EXPLAIN, Dump, and Watch
Three features that go beyond plain query: looking at execution
plans, moving data in and out of tables, and watching a query change
over time. None are essential — but they’re the things you’ll reach
for once you’re past the basics.
EXPLAIN
ferrule explain shows the execution plan for a query without
running it (the --analyze variant does run it). The output format
varies by backend; ferrule wraps the SQL in the right syntax and
returns whatever the backend produces.
When to use it
- A query is slower than you expected. EXPLAIN tells you whether there’s a sequential scan, a missing index, or a join blowing up.
- Before shipping a query you’ve never seen the plan for. Cheap insurance.
- After adding an index — confirm the planner is actually using it (it sometimes isn’t, especially with low row counts).
Basic usage
# Default: estimated plan, no execution
ferrule explain demo "SELECT * FROM customers WHERE name = 'Alice';"
# With actual statistics — runs the query
ferrule explain demo "SELECT * FROM customers WHERE name = 'Alice';" --analyze
--analyze and DML
--analyze would execute the statement, which is a problem for
INSERT / UPDATE / DELETE / DDL: you’d cause real changes by
asking for a plan. Ferrule detects modifying statements and silently
falls back to the non-executing variant, so ferrule explain demo "DELETE FROM users WHERE id = 1" --analyze is safe to run — you
get the estimated plan, not an actual delete.

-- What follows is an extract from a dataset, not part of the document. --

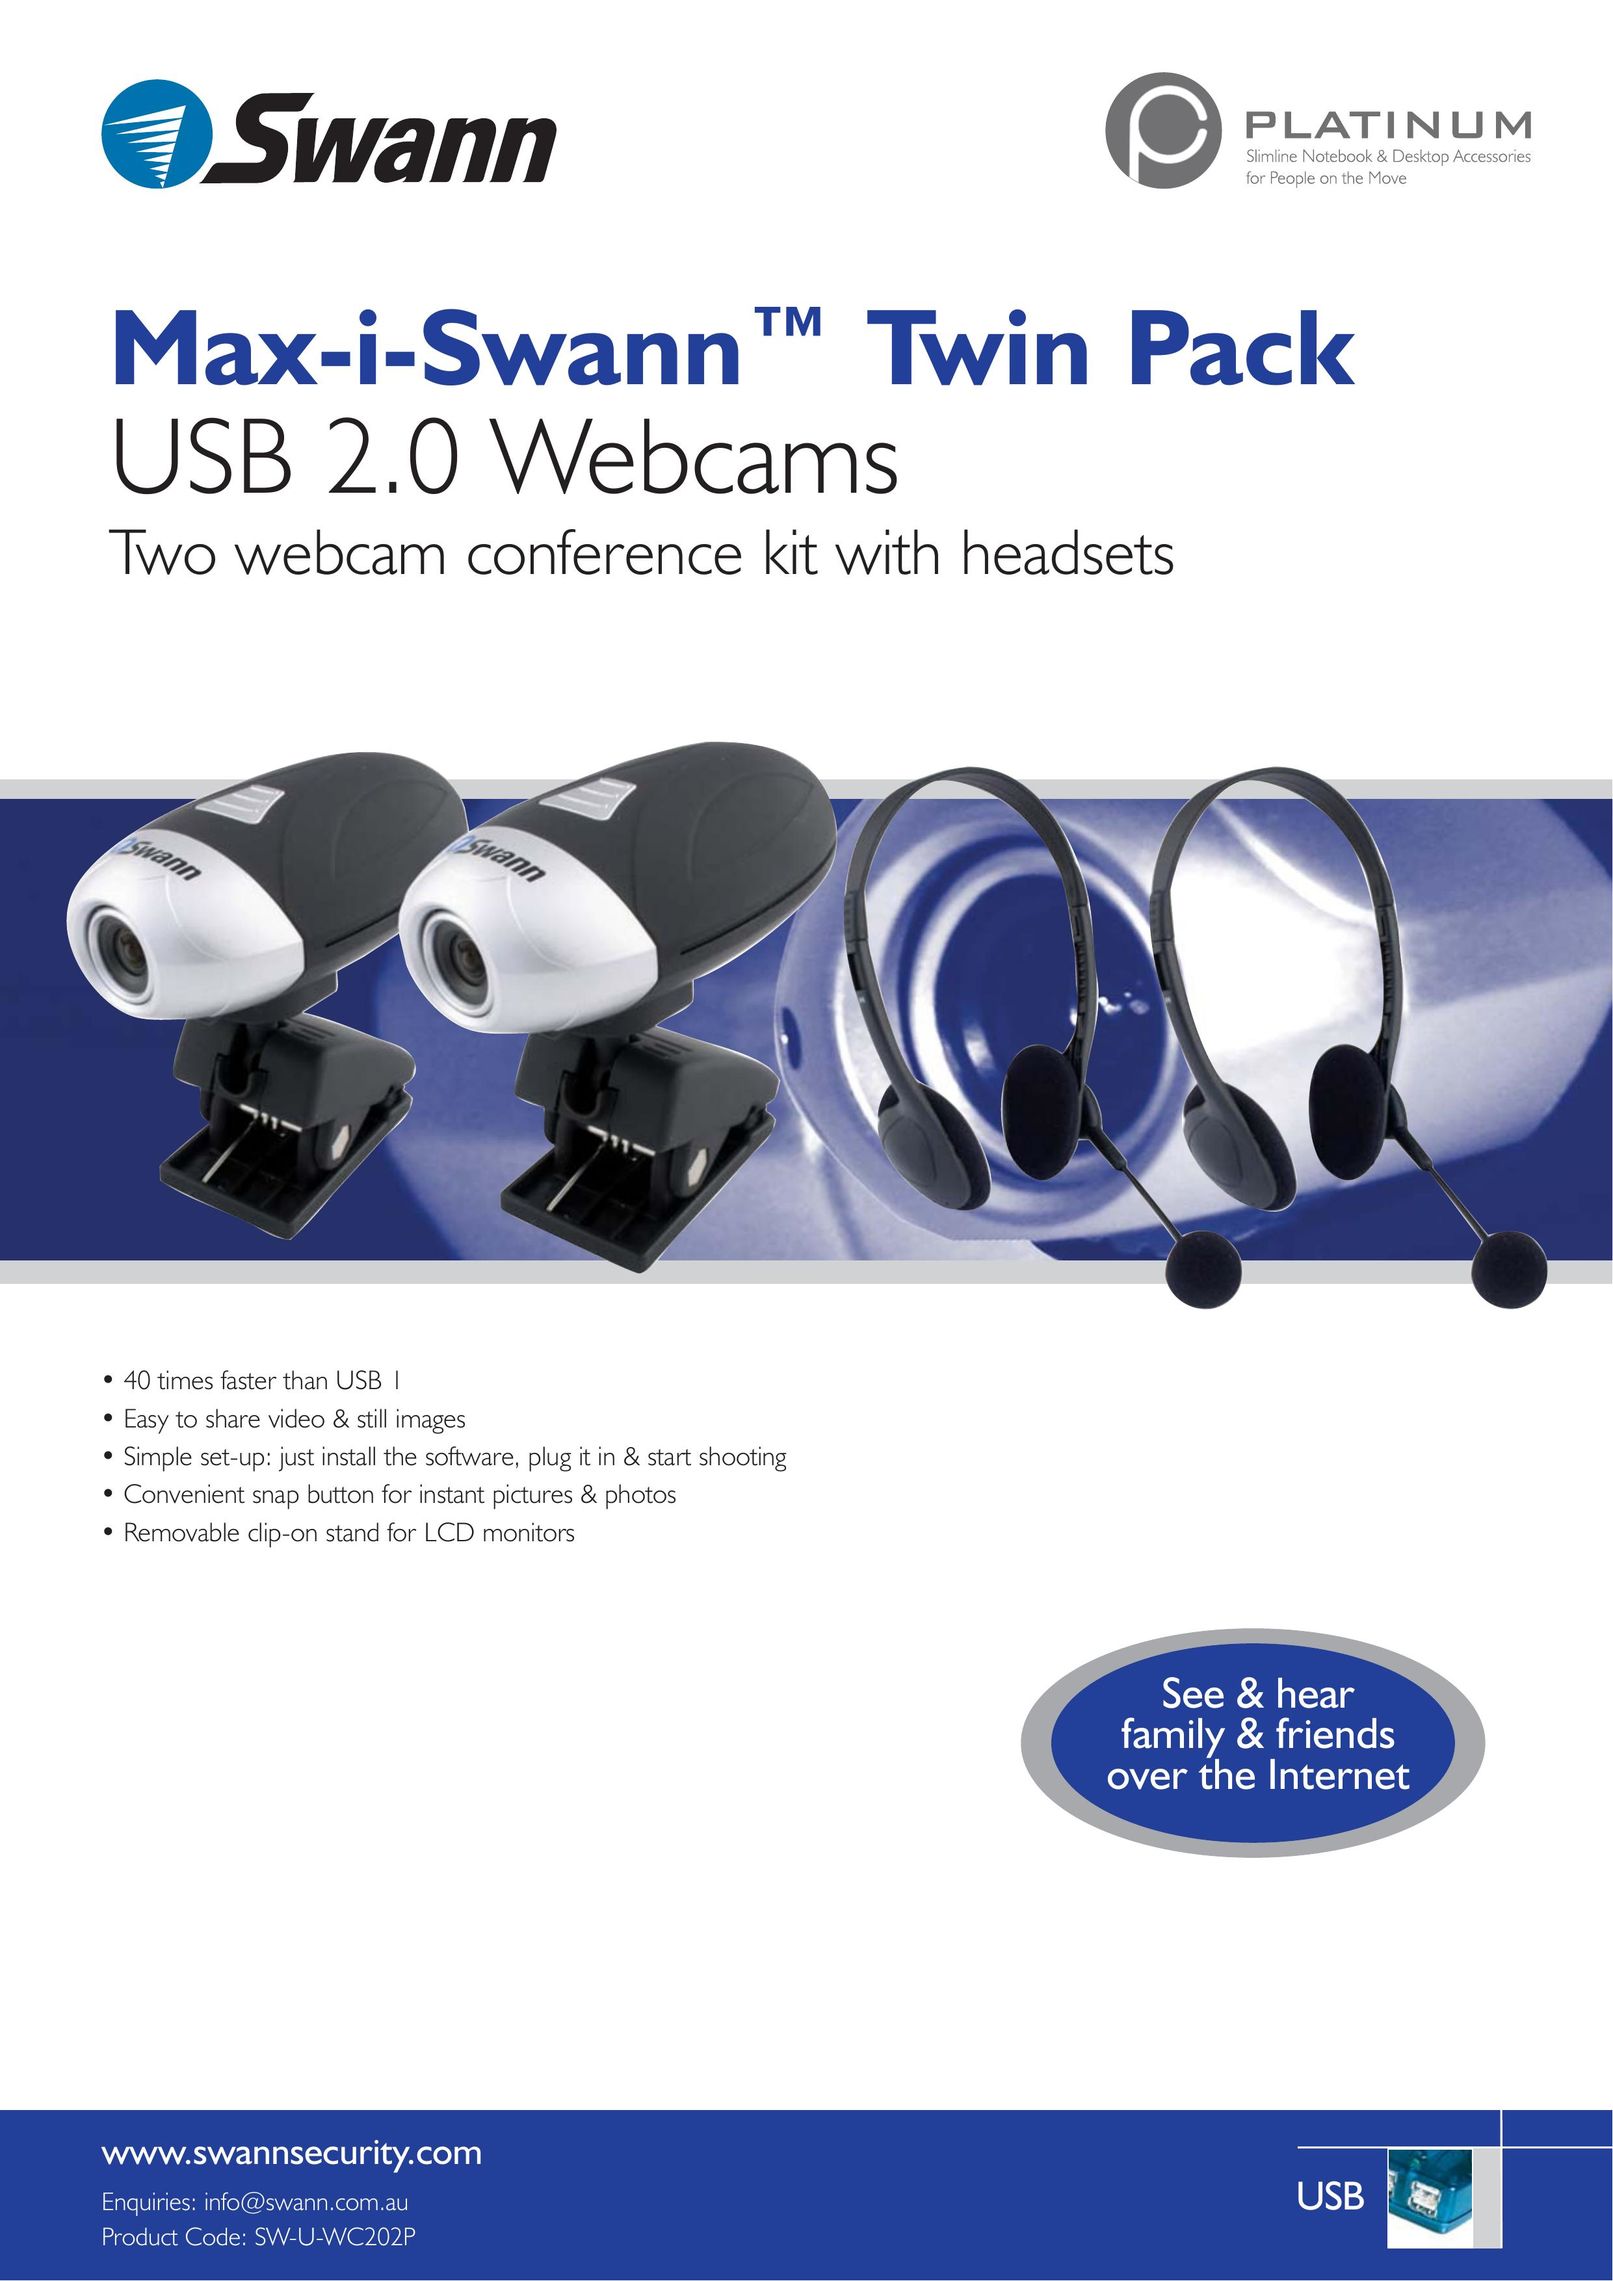 Swann Max-i-Swann Webcam User Manual

A statement is “modifying” if it starts (case-insensitively) with
INSERT, UPDATE, DELETE, CREATE, DROP, ALTER, TRUNCATE,
or MERGE, or if it contains a data-modifying CTE such as
WITH cte AS (UPDATE ...) .... Ferrule tracks parenthesis depth
while scanning; keywords inside subqueries or CTE bodies are still
caught, so WITH t AS (INSERT INTO ...) SELECT * FROM t is correctly
flagged as modifying.
Per-backend output formats
| Backend | --analyze off | --analyze on | Format |
|---|---|---|---|
| PostgreSQL | EXPLAIN (FORMAT JSON, COSTS) … | EXPLAIN (FORMAT JSON, ANALYZE, BUFFERS, TIMING, COSTS) … | JSON |
| MySQL | EXPLAIN FORMAT=JSON … | (same — MySQL EXPLAIN doesn’t execute) | JSON |
| SQLite | EXPLAIN QUERY PLAN … | (same) | Text |
| MSSQL | SET SHOWPLAN_XML ON; … | SET STATISTICS XML ON; … | XML |
| Oracle | EXPLAIN PLAN FOR …; SELECT … FROM TABLE(DBMS_XPLAN.DISPLAY('','','')); | … DBMS_XPLAN.DISPLAY('','','ALLSTATS LAST') | Text |
JSON plans pipe naturally into jq for filtering (Postgres: pull
out node types and costs; MySQL: walk the nested query_block).
The XML and text formats are display-oriented — pretty-print
yourself if you need to compare two plans side by side.
Example
ferrule explain demo \
"SELECT c.id, c.name, COUNT(o.id) AS order_count
FROM customers c LEFT JOIN orders o ON o.customer_id = c.id
GROUP BY c.id;" \
| jq '.[0]["Plan"]["Node Type"]'
# "HashAggregate"
Dump and Load
ferrule dump exports a table to CSV / JSON / SQL. ferrule load
imports CSV / JSON back into a table.
When to reach for them
- Fixture generation. Pull a sanitized 1000-row sample from prod into a JSON fixture for tests.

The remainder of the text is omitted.